Stored entries:

━━━━━━━━

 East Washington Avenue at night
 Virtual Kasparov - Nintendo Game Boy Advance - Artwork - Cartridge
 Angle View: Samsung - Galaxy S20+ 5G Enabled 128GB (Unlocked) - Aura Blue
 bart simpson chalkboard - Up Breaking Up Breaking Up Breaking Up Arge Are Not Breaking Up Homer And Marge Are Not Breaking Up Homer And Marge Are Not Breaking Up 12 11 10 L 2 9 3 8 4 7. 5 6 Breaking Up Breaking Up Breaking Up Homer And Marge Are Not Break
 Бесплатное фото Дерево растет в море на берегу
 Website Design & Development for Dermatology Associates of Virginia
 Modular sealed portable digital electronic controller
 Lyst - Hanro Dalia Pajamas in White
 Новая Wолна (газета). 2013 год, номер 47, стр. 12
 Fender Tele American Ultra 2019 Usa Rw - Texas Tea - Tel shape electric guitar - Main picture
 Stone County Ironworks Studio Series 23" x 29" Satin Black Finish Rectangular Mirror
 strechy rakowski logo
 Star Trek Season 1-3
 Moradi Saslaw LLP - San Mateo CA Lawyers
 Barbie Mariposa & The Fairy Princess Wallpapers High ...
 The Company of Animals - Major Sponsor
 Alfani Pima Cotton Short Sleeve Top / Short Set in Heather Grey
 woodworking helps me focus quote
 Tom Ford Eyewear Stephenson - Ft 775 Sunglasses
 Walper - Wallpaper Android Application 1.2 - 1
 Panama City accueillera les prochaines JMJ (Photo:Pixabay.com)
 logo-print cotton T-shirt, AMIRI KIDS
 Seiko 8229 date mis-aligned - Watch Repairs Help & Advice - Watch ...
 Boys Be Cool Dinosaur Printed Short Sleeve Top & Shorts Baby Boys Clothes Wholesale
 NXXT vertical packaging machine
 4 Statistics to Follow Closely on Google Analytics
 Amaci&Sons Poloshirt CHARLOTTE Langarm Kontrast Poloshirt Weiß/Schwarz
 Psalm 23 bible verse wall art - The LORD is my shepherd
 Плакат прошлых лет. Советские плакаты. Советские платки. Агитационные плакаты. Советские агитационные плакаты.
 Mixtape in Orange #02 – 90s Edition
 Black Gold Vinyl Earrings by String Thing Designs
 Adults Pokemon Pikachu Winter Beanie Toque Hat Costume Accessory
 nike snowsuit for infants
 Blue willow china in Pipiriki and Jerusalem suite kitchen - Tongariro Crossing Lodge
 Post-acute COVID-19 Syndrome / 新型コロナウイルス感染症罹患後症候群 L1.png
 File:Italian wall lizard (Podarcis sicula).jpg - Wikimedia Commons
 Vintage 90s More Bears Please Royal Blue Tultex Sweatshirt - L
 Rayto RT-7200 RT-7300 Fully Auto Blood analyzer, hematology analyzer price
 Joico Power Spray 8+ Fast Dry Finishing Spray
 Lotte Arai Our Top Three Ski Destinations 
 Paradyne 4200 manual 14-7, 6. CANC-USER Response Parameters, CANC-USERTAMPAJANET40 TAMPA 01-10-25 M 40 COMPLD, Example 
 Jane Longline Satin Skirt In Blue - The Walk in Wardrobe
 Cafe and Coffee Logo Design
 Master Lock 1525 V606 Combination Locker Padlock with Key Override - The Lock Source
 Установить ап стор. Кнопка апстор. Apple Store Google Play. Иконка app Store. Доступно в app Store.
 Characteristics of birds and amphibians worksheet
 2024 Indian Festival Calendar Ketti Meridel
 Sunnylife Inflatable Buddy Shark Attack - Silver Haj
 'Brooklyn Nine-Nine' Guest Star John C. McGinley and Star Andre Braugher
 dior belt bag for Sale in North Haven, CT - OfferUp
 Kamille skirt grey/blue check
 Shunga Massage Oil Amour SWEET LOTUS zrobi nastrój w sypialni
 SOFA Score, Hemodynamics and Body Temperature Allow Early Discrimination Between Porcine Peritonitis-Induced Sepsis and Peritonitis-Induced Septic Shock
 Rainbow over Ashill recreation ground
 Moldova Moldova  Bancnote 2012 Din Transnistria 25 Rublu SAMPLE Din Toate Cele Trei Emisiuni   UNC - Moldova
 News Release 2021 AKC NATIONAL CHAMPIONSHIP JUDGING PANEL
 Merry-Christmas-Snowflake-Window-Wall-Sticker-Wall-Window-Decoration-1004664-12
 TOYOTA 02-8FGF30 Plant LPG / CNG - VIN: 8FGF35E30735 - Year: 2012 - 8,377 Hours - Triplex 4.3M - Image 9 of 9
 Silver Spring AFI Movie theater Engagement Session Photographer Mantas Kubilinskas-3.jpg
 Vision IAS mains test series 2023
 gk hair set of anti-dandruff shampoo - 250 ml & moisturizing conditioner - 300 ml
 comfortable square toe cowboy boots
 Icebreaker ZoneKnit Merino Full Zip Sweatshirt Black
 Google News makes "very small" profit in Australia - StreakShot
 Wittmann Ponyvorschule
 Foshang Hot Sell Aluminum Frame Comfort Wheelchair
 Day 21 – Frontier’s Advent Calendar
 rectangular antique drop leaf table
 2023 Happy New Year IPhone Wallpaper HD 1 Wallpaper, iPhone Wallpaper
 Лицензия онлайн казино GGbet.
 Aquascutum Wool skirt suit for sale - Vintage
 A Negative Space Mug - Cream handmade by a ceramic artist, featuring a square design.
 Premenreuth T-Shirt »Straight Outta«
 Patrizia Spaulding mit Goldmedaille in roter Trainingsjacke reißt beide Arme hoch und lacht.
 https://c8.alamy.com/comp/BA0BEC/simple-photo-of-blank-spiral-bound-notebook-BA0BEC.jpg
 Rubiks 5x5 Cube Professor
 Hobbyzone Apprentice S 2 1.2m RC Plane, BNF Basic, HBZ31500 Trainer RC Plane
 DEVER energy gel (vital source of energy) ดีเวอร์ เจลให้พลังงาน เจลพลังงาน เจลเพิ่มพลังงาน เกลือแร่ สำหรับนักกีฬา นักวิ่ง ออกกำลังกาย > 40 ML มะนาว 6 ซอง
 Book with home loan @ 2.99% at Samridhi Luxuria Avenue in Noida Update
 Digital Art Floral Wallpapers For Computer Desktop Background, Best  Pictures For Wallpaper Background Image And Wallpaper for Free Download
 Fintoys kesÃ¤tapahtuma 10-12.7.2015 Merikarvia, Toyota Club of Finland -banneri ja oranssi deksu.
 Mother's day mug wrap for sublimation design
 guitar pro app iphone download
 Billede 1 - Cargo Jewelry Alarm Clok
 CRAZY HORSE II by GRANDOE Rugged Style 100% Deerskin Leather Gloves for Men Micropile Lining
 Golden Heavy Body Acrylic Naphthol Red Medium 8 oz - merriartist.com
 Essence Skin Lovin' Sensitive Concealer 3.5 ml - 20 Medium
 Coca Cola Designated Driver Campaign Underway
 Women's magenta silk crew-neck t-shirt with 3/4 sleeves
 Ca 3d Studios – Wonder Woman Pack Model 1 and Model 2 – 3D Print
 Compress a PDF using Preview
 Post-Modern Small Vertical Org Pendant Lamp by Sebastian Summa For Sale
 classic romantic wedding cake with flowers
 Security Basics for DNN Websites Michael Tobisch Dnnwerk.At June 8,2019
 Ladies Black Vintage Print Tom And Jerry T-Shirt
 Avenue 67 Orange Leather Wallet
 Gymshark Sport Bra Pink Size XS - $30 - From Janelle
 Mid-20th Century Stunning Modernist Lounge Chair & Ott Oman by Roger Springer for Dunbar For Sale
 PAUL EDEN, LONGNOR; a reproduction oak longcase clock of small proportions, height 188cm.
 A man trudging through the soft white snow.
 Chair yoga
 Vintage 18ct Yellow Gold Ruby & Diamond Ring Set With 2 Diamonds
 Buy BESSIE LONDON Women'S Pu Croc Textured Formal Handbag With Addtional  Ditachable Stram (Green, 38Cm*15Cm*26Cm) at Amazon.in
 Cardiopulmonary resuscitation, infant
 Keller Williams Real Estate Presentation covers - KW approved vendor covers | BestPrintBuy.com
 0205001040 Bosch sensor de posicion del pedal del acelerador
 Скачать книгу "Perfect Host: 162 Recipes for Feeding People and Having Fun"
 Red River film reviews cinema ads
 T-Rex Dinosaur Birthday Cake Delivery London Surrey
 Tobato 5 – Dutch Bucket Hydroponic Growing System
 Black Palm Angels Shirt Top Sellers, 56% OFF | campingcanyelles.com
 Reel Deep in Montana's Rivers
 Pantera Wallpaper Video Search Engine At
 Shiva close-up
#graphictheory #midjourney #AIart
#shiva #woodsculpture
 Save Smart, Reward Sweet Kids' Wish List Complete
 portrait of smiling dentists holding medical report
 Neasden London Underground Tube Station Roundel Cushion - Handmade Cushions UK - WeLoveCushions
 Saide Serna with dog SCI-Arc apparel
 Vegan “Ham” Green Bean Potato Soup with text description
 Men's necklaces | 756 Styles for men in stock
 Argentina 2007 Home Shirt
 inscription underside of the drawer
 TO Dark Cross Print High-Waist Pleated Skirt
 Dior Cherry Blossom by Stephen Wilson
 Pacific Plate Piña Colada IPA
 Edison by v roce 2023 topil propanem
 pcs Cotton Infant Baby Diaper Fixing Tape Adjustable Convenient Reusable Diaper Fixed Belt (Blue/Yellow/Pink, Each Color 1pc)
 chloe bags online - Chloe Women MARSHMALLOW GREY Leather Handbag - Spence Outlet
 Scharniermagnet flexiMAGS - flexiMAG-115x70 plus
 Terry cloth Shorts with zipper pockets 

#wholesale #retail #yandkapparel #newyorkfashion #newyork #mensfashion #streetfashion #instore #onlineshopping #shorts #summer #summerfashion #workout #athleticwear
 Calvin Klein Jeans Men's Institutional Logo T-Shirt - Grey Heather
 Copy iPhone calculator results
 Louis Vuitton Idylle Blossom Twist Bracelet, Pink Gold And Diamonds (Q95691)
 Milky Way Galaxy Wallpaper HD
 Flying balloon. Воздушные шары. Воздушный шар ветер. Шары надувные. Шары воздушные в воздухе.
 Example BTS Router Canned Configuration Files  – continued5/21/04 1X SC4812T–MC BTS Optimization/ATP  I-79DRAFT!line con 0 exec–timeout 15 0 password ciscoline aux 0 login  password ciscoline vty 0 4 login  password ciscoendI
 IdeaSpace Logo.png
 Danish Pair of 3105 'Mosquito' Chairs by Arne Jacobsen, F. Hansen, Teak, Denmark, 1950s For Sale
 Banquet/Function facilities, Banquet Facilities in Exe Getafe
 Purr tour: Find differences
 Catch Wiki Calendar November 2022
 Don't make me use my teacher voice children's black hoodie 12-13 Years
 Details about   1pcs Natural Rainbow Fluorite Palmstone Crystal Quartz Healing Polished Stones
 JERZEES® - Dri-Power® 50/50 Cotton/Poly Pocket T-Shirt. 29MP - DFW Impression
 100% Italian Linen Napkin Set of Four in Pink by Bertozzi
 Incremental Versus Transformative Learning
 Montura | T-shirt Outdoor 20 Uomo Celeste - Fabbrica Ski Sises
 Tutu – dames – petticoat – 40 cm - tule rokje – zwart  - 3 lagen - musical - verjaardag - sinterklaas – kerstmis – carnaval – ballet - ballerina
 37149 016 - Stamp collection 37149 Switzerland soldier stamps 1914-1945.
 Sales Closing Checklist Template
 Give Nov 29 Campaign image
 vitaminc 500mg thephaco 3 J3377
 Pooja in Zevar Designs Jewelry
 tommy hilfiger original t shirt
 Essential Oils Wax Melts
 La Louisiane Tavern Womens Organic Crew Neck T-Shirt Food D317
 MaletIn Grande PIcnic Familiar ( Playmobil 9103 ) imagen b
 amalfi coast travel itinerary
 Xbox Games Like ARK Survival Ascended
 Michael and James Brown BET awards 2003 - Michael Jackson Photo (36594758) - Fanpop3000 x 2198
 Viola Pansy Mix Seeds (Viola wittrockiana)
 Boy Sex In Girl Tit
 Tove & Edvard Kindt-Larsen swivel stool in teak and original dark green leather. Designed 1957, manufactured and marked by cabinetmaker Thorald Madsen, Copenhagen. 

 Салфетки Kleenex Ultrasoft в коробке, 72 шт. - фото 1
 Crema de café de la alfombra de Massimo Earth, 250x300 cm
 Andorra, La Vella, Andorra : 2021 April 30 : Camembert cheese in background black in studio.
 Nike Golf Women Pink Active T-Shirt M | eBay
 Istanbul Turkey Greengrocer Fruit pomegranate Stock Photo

━━━━━━━━

# Work to complete
Would you retype the lines above from the one with "Shunga Massage Oil" down to the one with "rectangular antique drop leaf table", word for word, both ends included and no other lines?

# Exercise solution
 Shunga Massage Oil Amour SWEET LOTUS zrobi nastrój w sypialni
 SOFA Score, Hemodynamics and Body Temperature Allow Early Discrimination Between Porcine Peritonitis-Induced Sepsis and Peritonitis-Induced Septic Shock
 Rainbow over Ashill recreation ground
 Moldova Moldova  Bancnote 2012 Din Transnistria 25 Rublu SAMPLE Din Toate Cele Trei Emisiuni   UNC - Moldova
 News Release 2021 AKC NATIONAL CHAMPIONSHIP JUDGING PANEL
 Merry-Christmas-Snowflake-Window-Wall-Sticker-Wall-Window-Decoration-1004664-12
 TOYOTA 02-8FGF30 Plant LPG / CNG - VIN: 8FGF35E30735 - Year: 2012 - 8,377 Hours - Triplex 4.3M - Image 9 of 9
 Silver Spring AFI Movie theater Engagement Session Photographer Mantas Kubilinskas-3.jpg
 Vision IAS mains test series 2023
 gk hair set of anti-dandruff shampoo - 250 ml & moisturizing conditioner - 300 ml
 comfortable square toe cowboy boots
 Icebreaker ZoneKnit Merino Full Zip Sweatshirt Black
 Google News makes "very small" profit in Australia - StreakShot
 Wittmann Ponyvorschule
 Foshang Hot Sell Aluminum Frame Comfort Wheelchair
 Day 21 – Frontier’s Advent Calendar
 rectangular antique drop leaf table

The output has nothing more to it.